When configuring pull metrics, consider the Prometheus location relative to the platform server.

ValueWhen to use
127.0.0.1Prometheus is installed on the same server as the platform
0.0.0.0Prometheus is installed on a separate server

The WF_METRIC_HOST and PROC_TRIGGER_METRIC_HOST parameters define the internal address on which the processes will accept requests to the /metrics endpoint.

The WF_METRIC_PORT and PROC_TRIGGER_METRIC_PORT parameters set the metric service ports. You can use ports in the range 1024 to 9999, excluding ports occupied by other services.

caution

If Prometheus is located on a separate server, specify 0.0.0.0 in the WF_METRIC_HOST and PROC_TRIGGER_METRIC_HOST parameters.
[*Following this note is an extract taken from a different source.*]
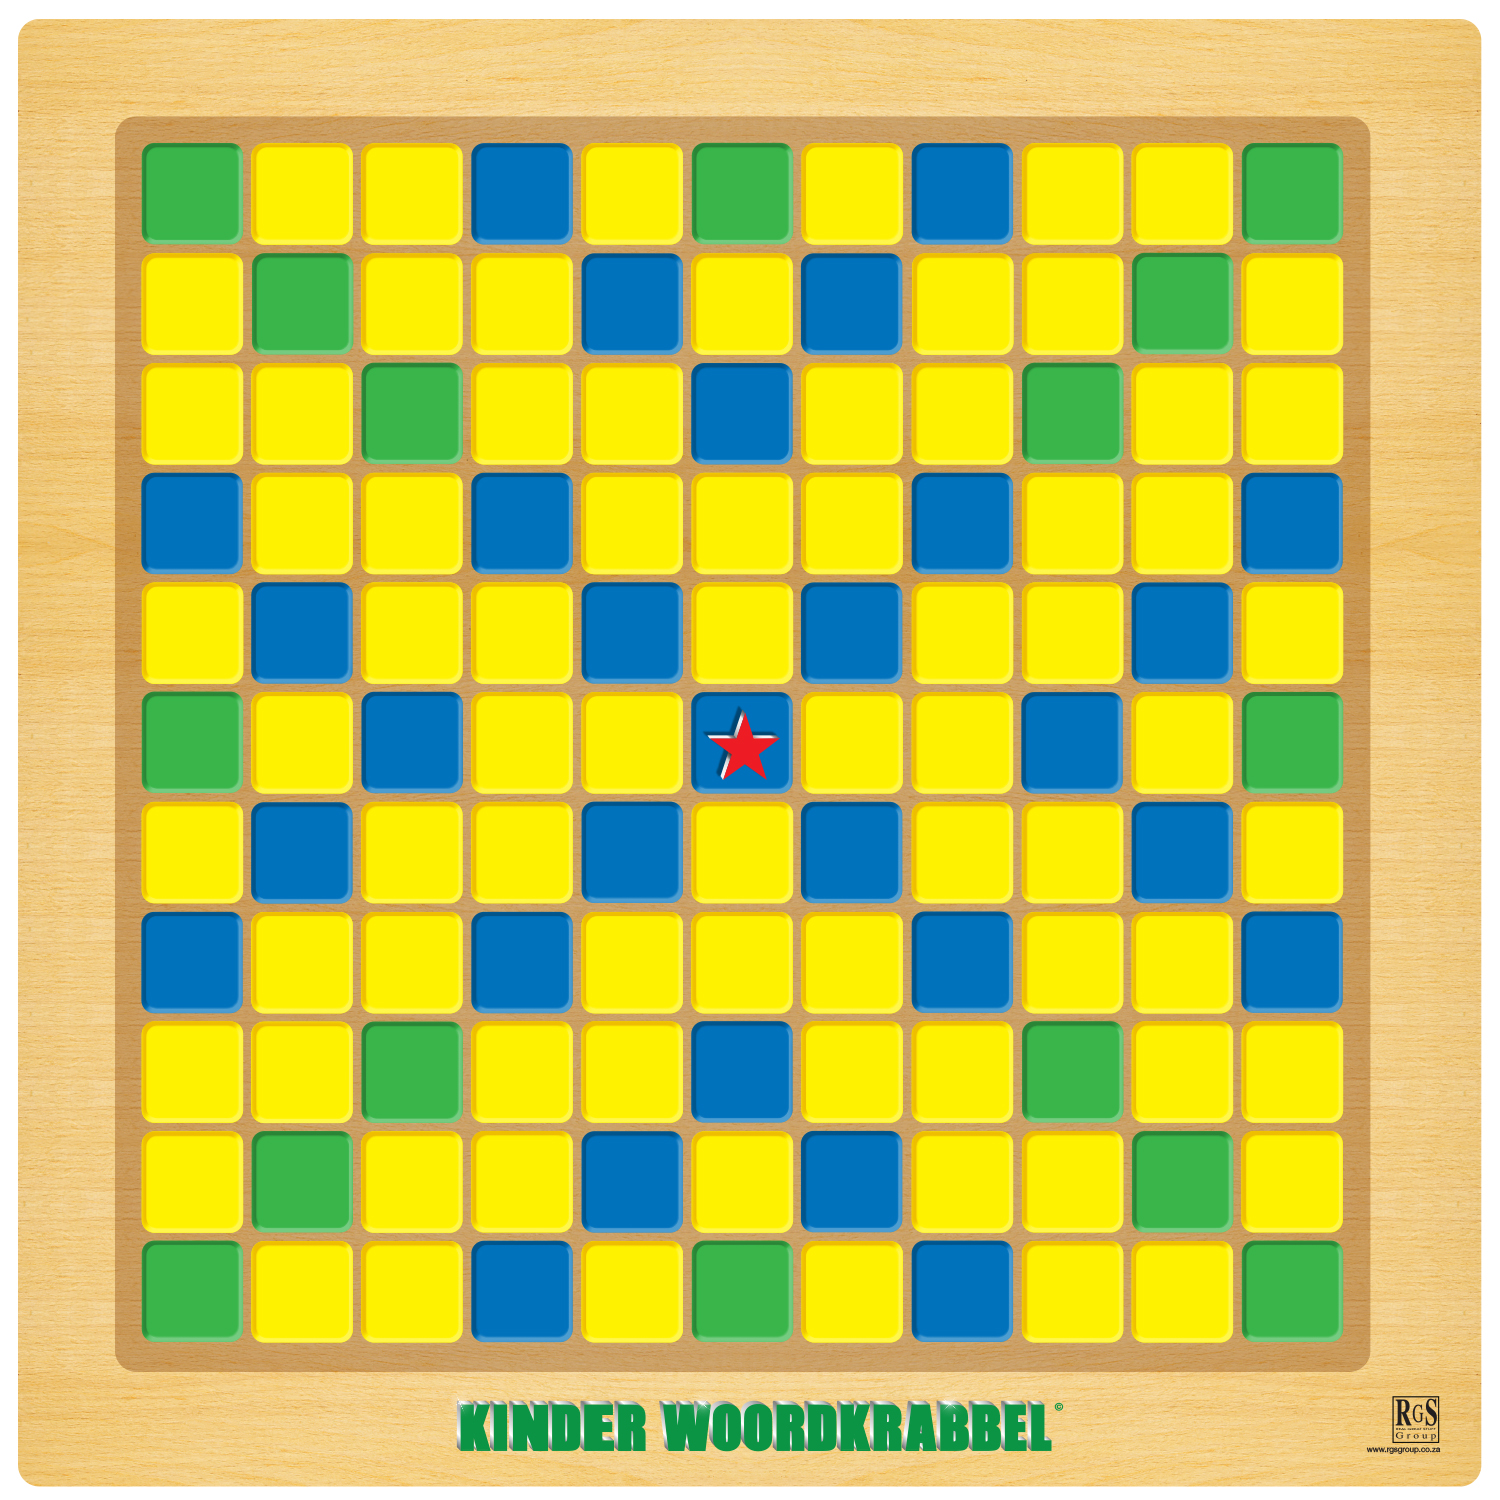 colourful scrabble type board game called Kinder Woordkrabbel
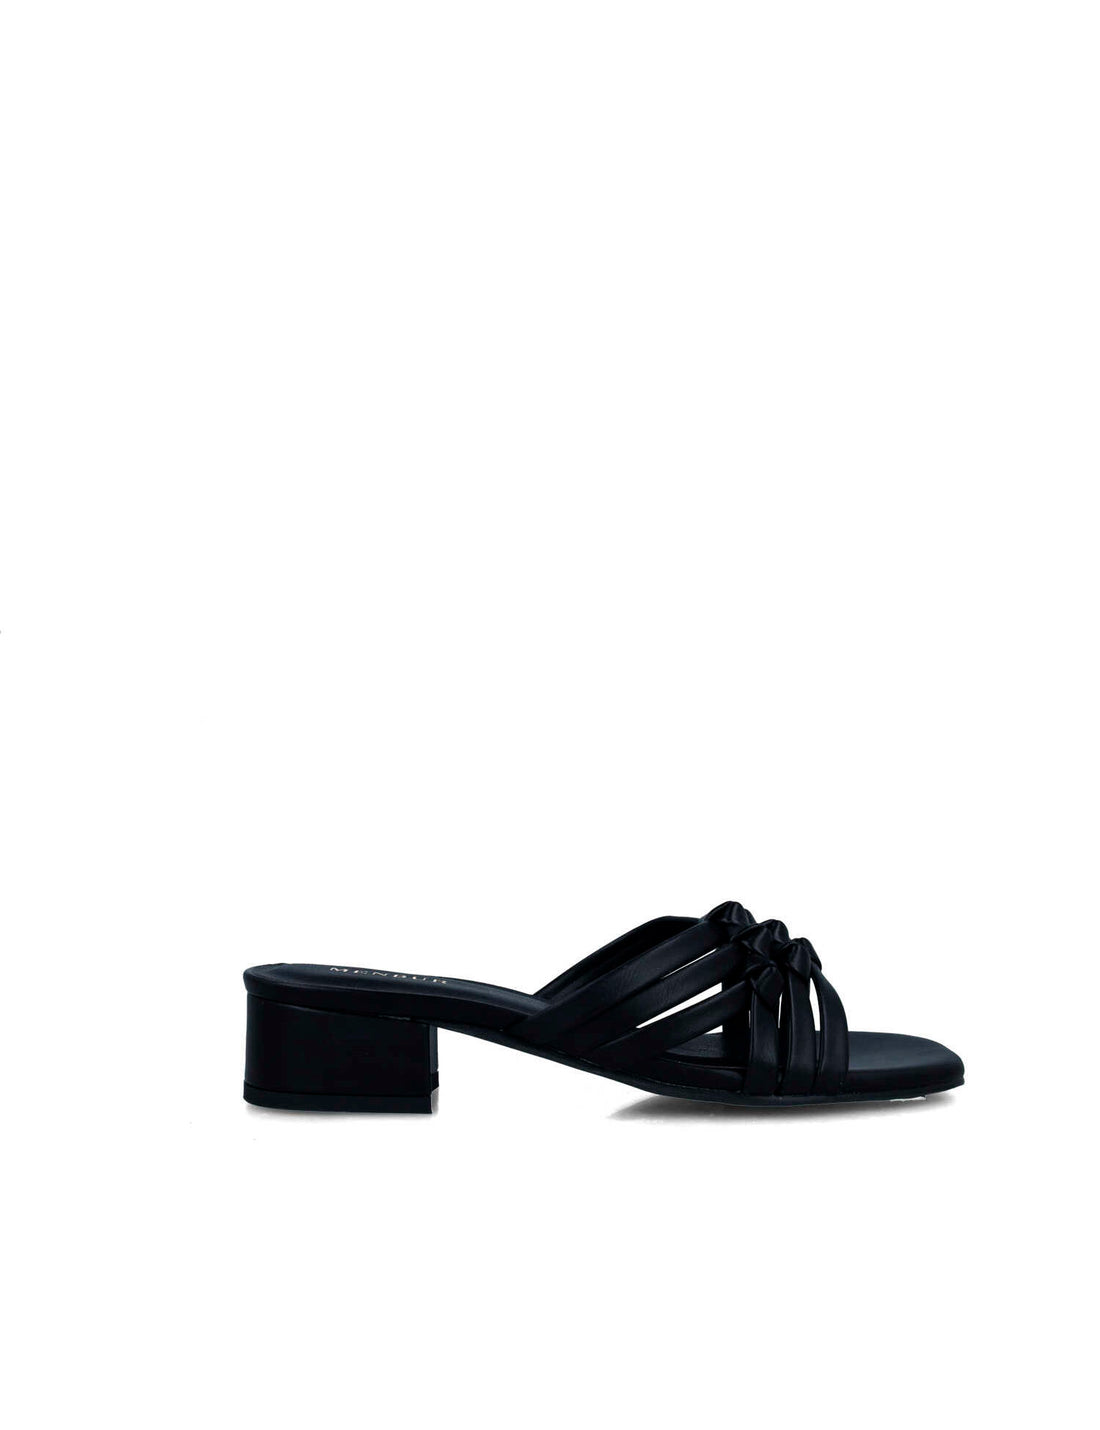 Black Slippers With Kitten Heel_25568_01_01

Do not use the same port for WF_METRIC_PORT and PROC_TRIGGER_METRIC_PORT. Each process must serve metrics on a separate port.

If the metrics service does not start after changing WF_METRIC_HOST, WF_METRIC_PORT, PROC_TRIGGER_METRIC_HOST, or PROC_TRIGGER_METRIC_PORT, verify that the specified port is free and available on the server.

Configuring push metrics for campaign​

The push model is used to send metrics from the campaign process to the Prometheus Pushgateway.

In this mode, the campaign process independently sends metrics to the Pushgateway, after which Prometheus scrapes them from the gateway server.

info

The push model is supported only for the campaign process. Metrics will not appear in Pushgateway until the mailing has been started at least once.

Before configuration, you must deploy and start the Prometheus Pushgateway.

The platform does not start Pushgateway automatically. In the ADDRESS parameter, you must specify the address of an already running Pushgateway.

Pushgateway launch example via systemd​

Example unit file:

[Unit]
Description=Prometheus Pushgateway
Wants=network-online.target
After=network-online.target

[Service]
User=pushgateway
Group=pushgateway
Type=simple
ExecStart=/usr/local/bin/pushgateway

[Install]
WantedBy=multi-user.target

After starting Pushgateway, configure metric delivery in the platform configuration:

{
"PROMETHEUS_METRICS_PUSH_GATEWAY": {
"ENABLE": true,
"ADDRESS": "10.200.5.20:9091",
"PERIOD_SEC": 5
}
}

Parameter description:

ParameterDescription
ENABLEEnables sending metrics to Pushgateway
ADDRESSAddress and port of the already running Pushgateway
PERIOD_SECMetric send interval in seconds

Add Pushgateway to the Prometheus configuration:

scrape_configs:
- job_name: 'pushgateway'
static_configs:
- targets:
- '10.200.5.20:9091'

Check Pushgateway metrics availability:

curl http://10.200.5.20:9091/metrics

campaign metrics start appearing in the Pushgateway after the mailing is launched.

Grouping metrics by campaign ID​

The CAMPAIGN_ID_PROMETHEUS_GROUPING_ENABLE parameter controls grouping of push metrics by mailing ID.

Example configuration:

{
"CAMPAIGN_ID_PROMETHEUS_GROUPING_ENABLE": true
}
ValueBehavior
trueMetrics are grouped by mailing ID
falseAll metrics are sent to a single group

By default, the parameter is enabled (true).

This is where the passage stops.